__PROBLEM DETAILS__
Return exactly, please, the line that contains "Diana, Adabella, Estrella, Karina, Neida, and" and every line after it through the end of the material that follows, leaving pictures aside.

__SOURCE MATERIAL__
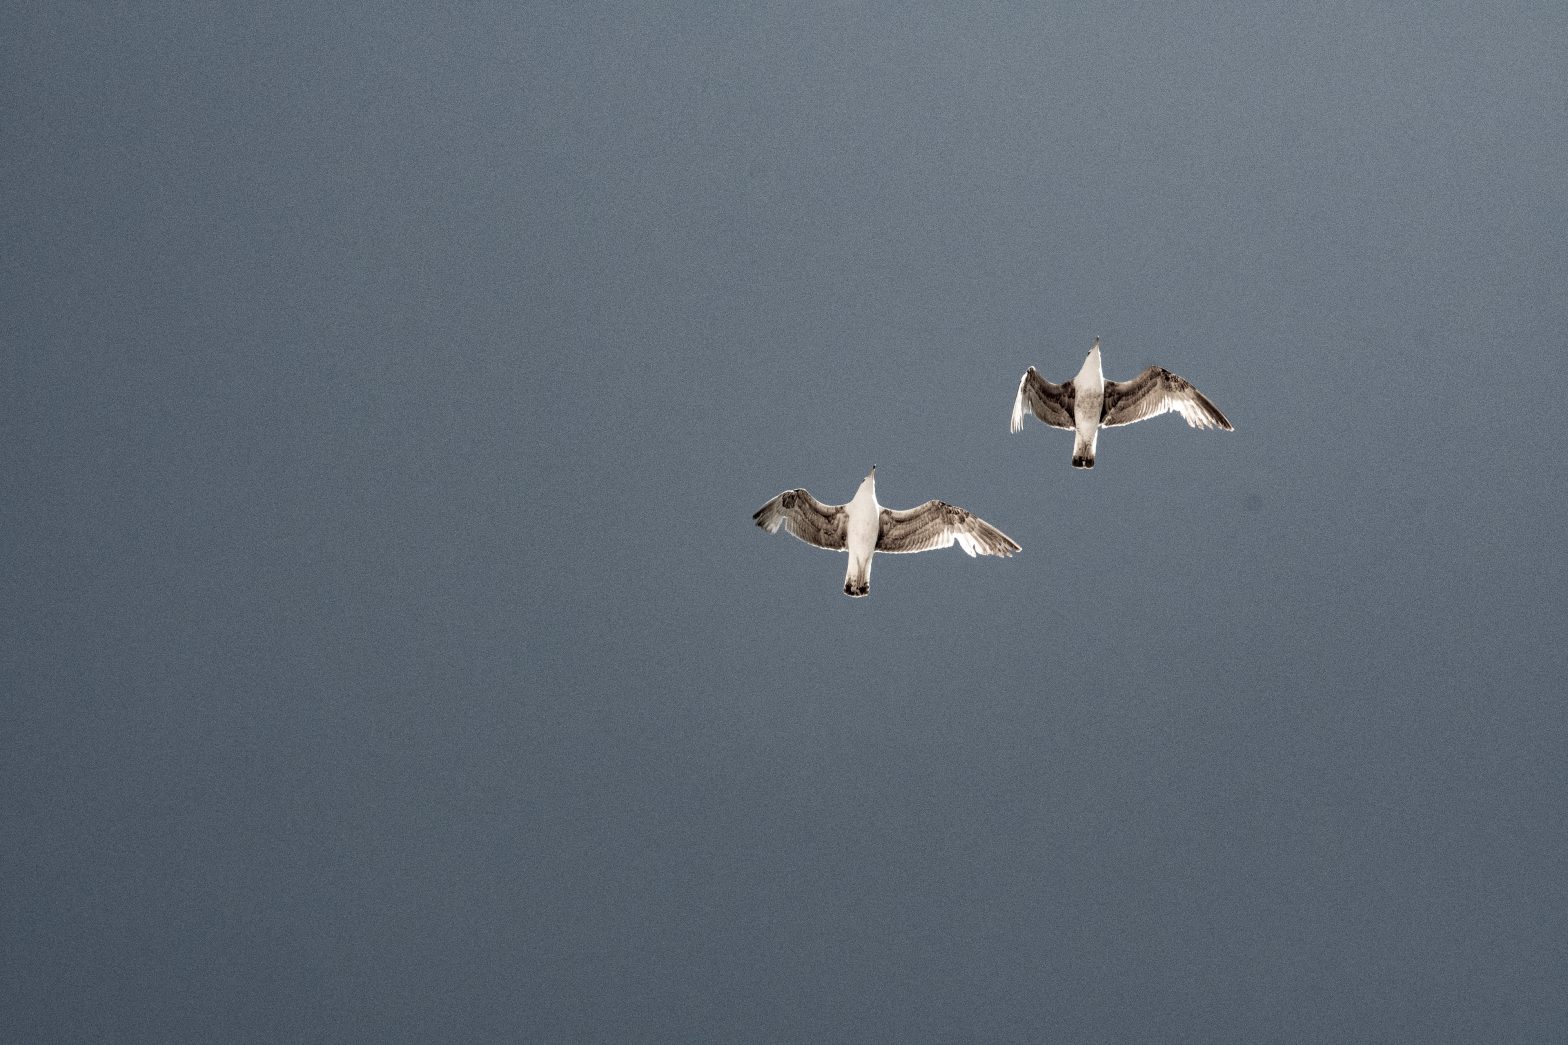 An picture of two seagulls with a grey sky in the background.
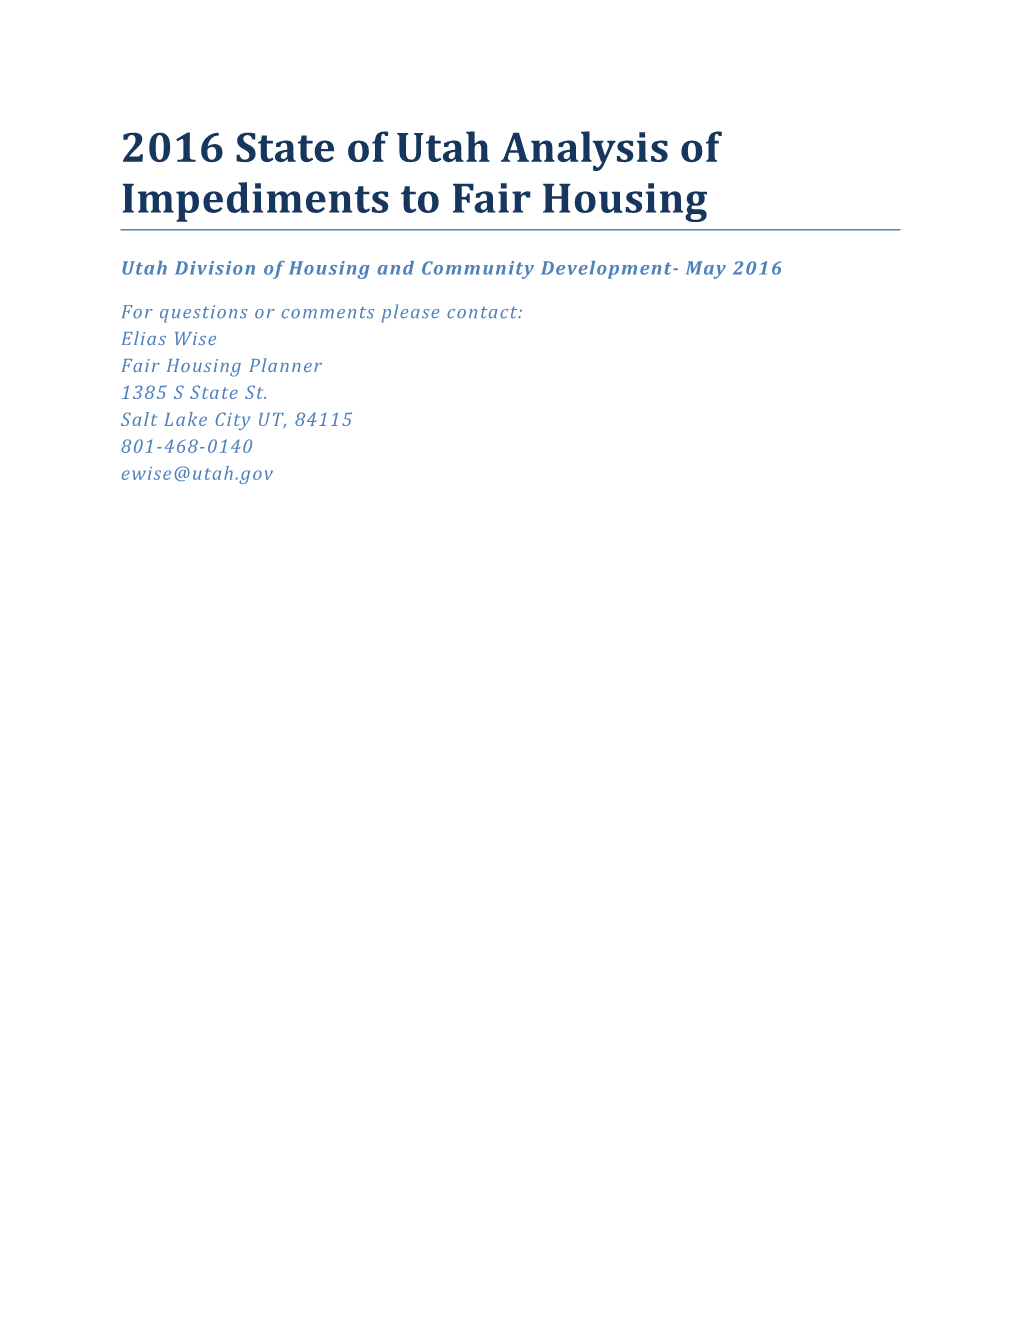 2016 State of Utah Analysis of Impediments to Fair Housing
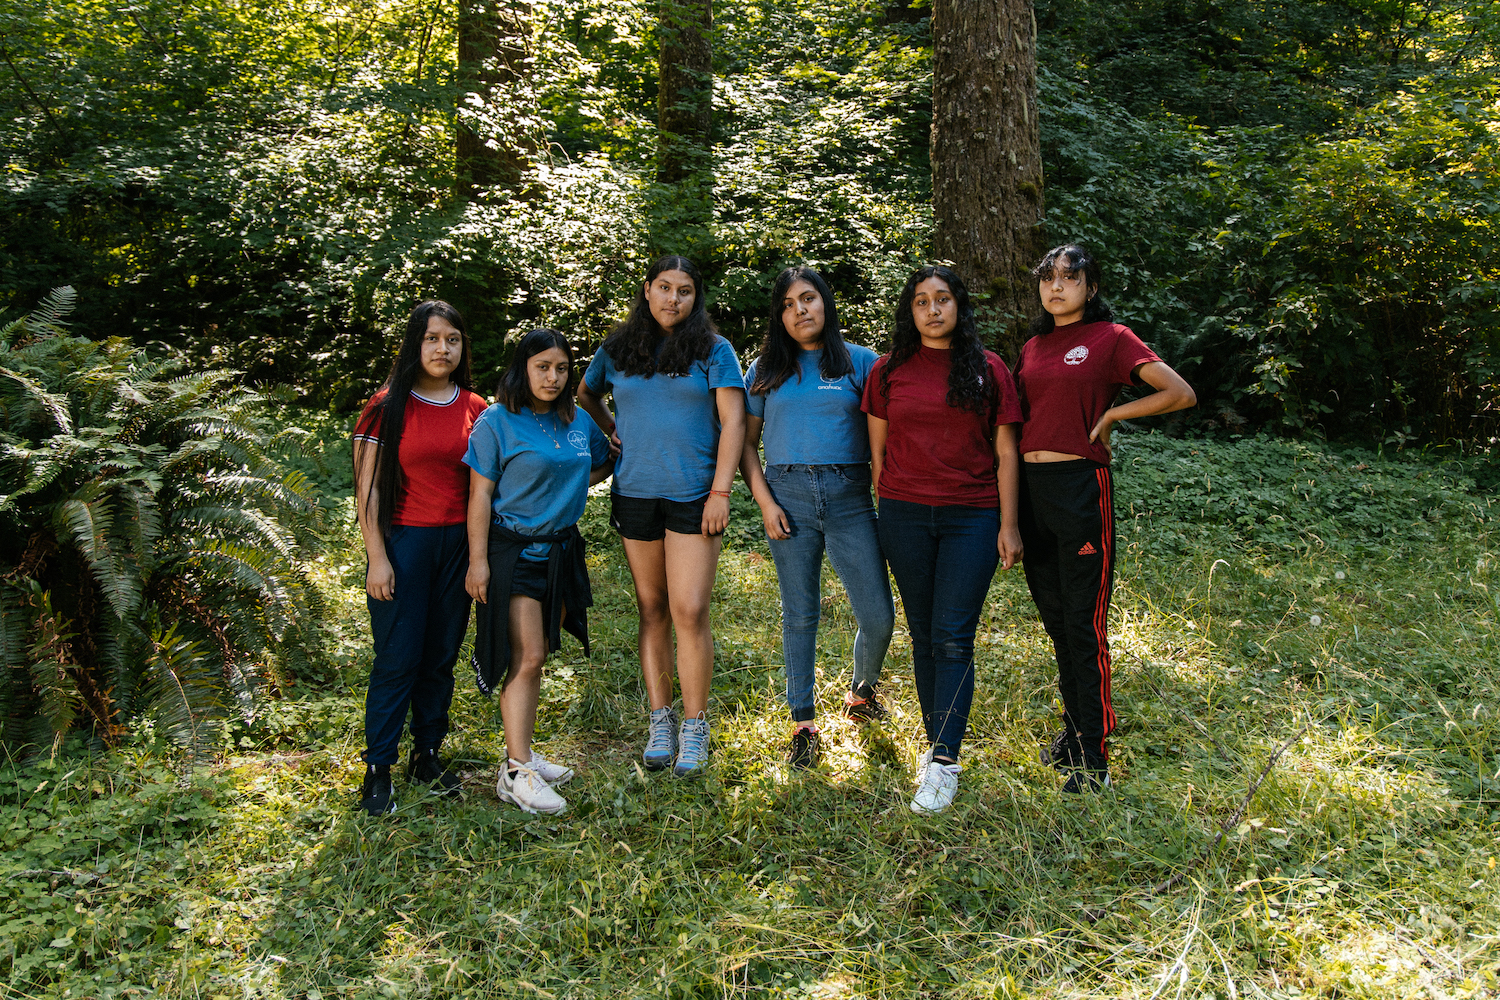 Diana, Adabella, Estrella, Karina, Neida, and Aide are among the youth leaders who supported Capaces Leadership Institute's summer learning program.
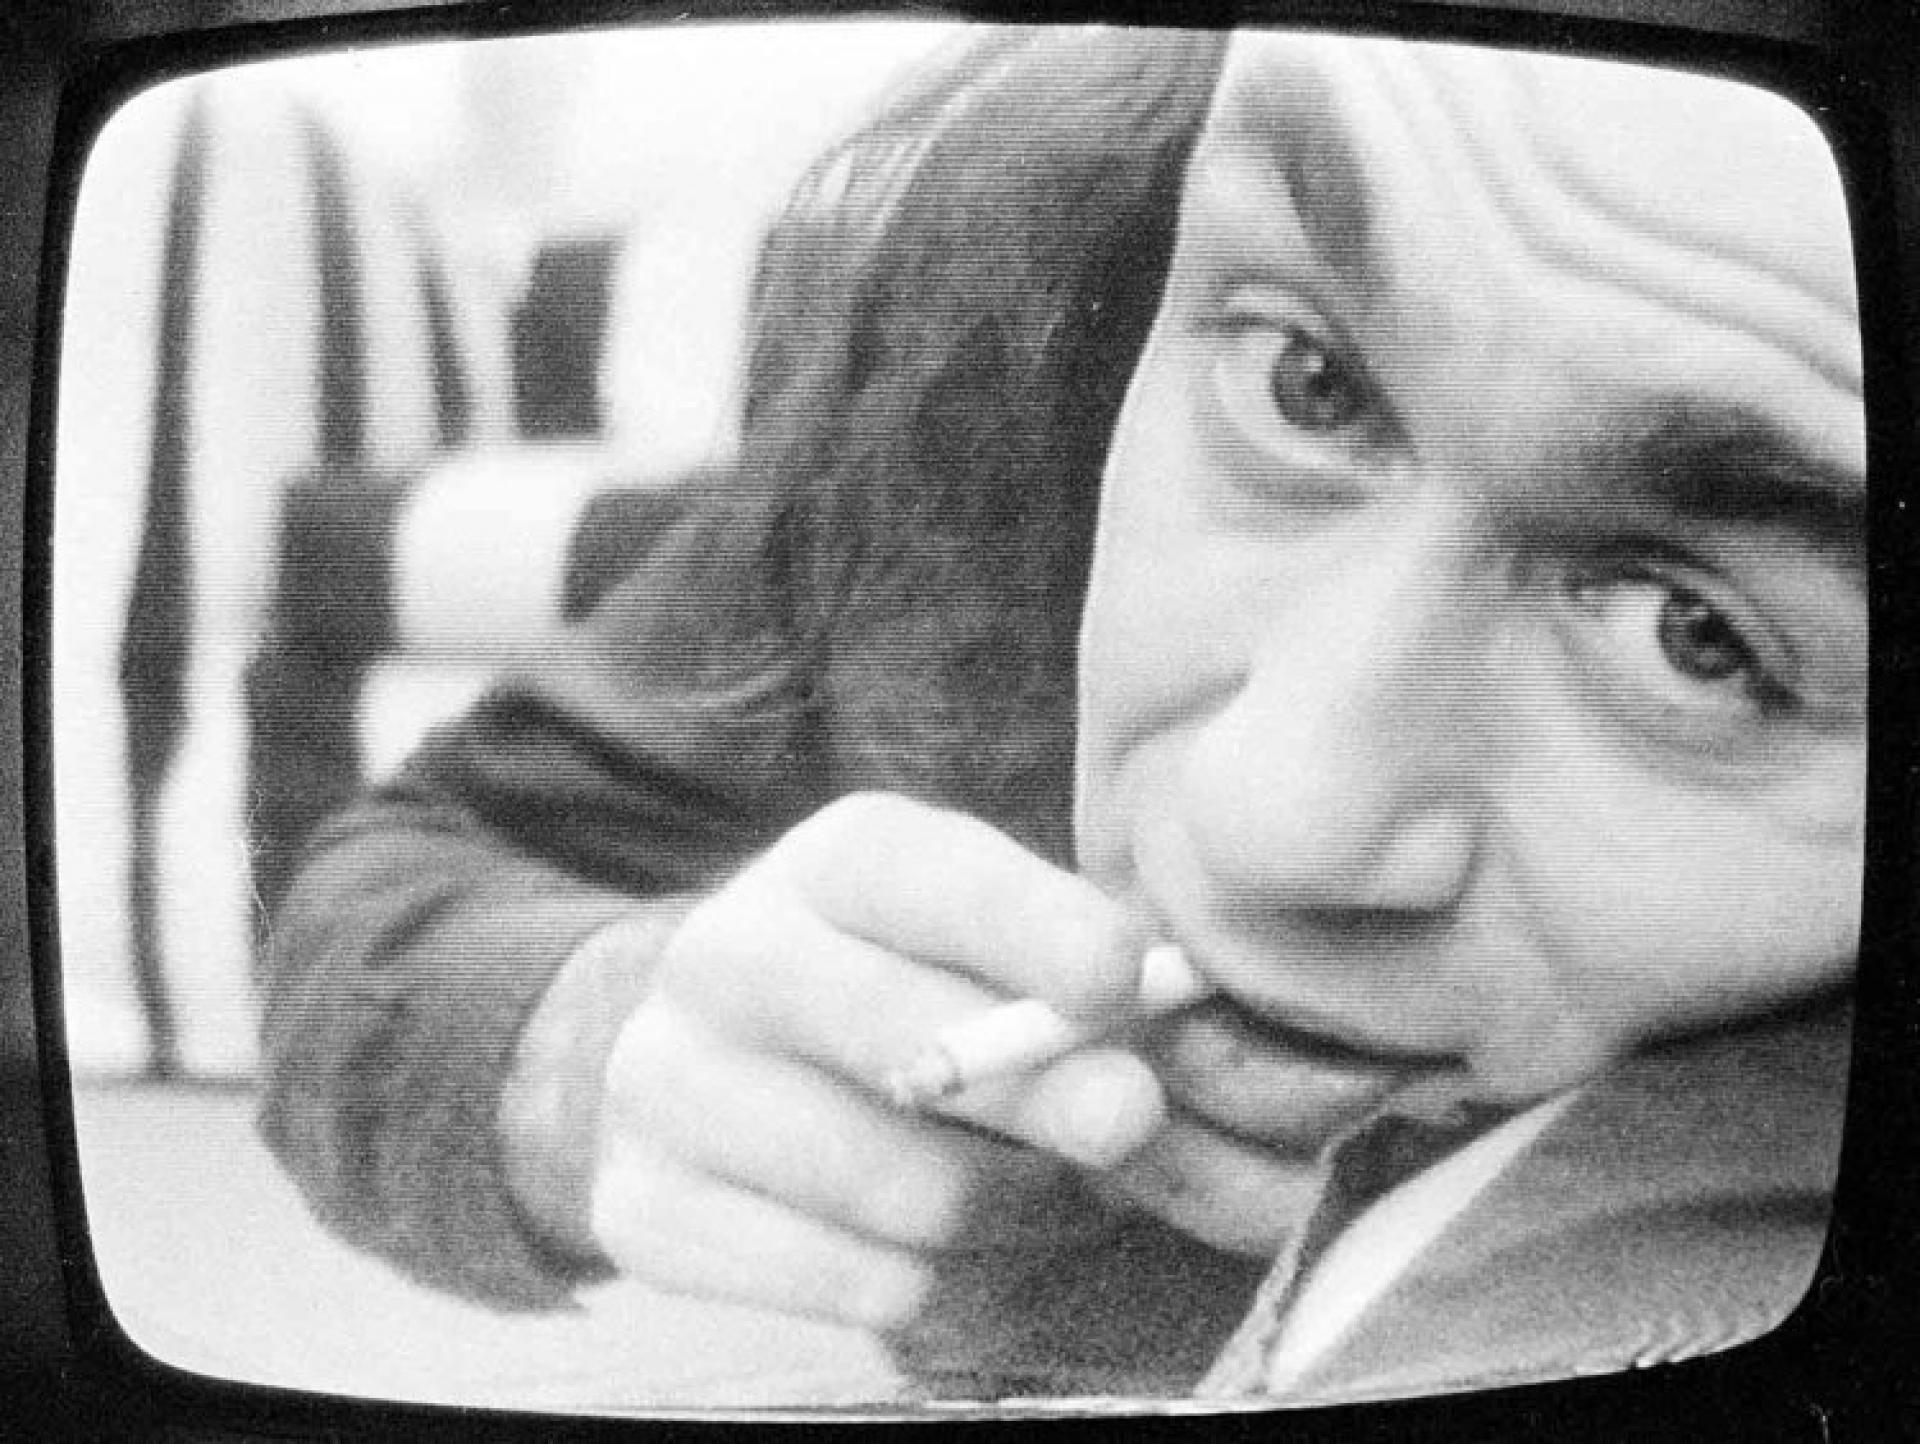 Acconci’s confessional films portray his face larger than life and soft whispers. The viewer joins an interior with the work through Acconci, 1960s. | Photo via Acconci Studio

__WRITTEN SOLUTION__
 Diana, Adabella, Estrella, Karina, Neida, and Aide are among the youth leaders who supported Capaces Leadership Institute's summer learning program.
 Acconci’s confessional films portray his face larger than life and soft whispers. The viewer joins an interior with the work through Acconci, 1960s. | Photo via Acconci Studio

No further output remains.